Someone with knowledge please share it
thanks
manish


----------



## aryayush (Aug 5, 2007)

I don't think what you are trying to do is possible.


----------



## hemant_mathur (Aug 5, 2007)

I can be done. I have done this with my nokia bluetooth earset. I'll get the exact steps in a few hours when i get back home.


----------



## manishji (Aug 6, 2007)

Isn't there any one who knows the solution. Hemant sounded quite confident though.


----------



## hemant_mathur (Aug 7, 2007)

I have a bluesoleil bluetooth dongle and nokia bluetooth earset.
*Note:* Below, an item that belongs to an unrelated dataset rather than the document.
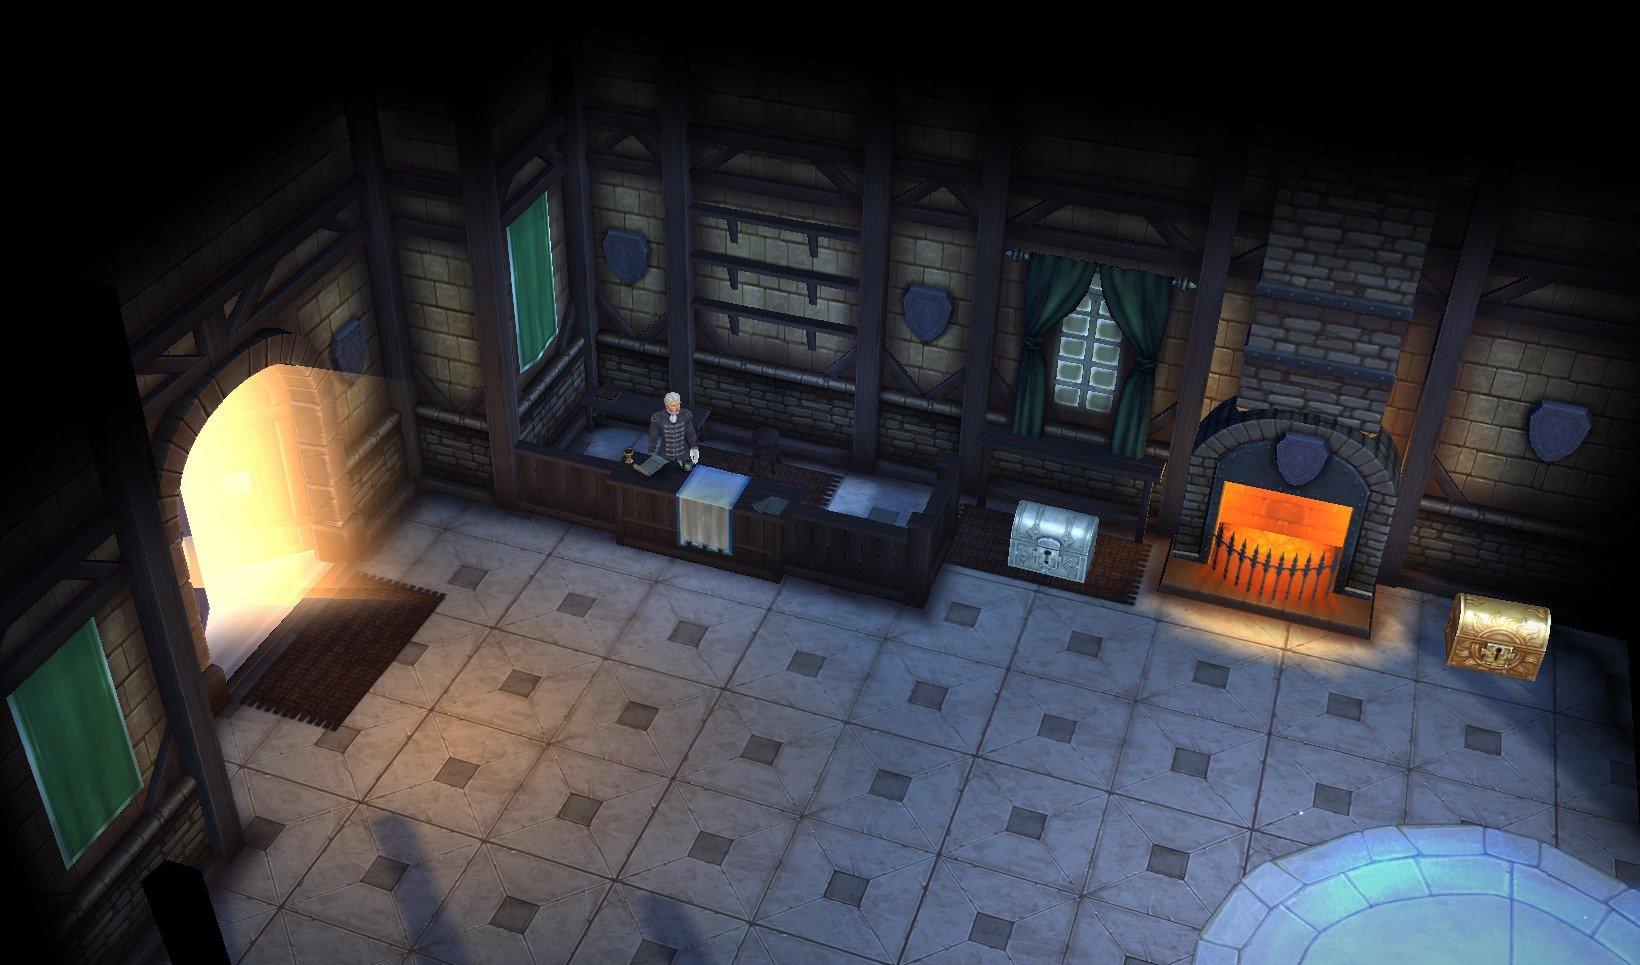 """Рубрика """"Исследуя Ауру"""" рассказывает о том, что и кого можно встретить на просторах мира Royal Quest  Исследуя Ауру ... - Изображение 2"""

The following steps work for me but some steps may differ for you so change accordingly.

I. Steps in Bluesoleil window --

1. Pair the headphones
2. Connect 'bluetooth headset service'
3. make 'default audio device'

II. Steps in Control Panel --

1. Start control panel -> sounds and audio devices.
2. Goto Audio tab
3. Change sound playback default device to "Bluetooth .."


III. Steps in WMP 11 --
1. open wmp
2. Goto more options -> devices -> speakers
3. Change 'audio device to use' to 'directsound: bluetooth ..'
4. ok and play songs.


----------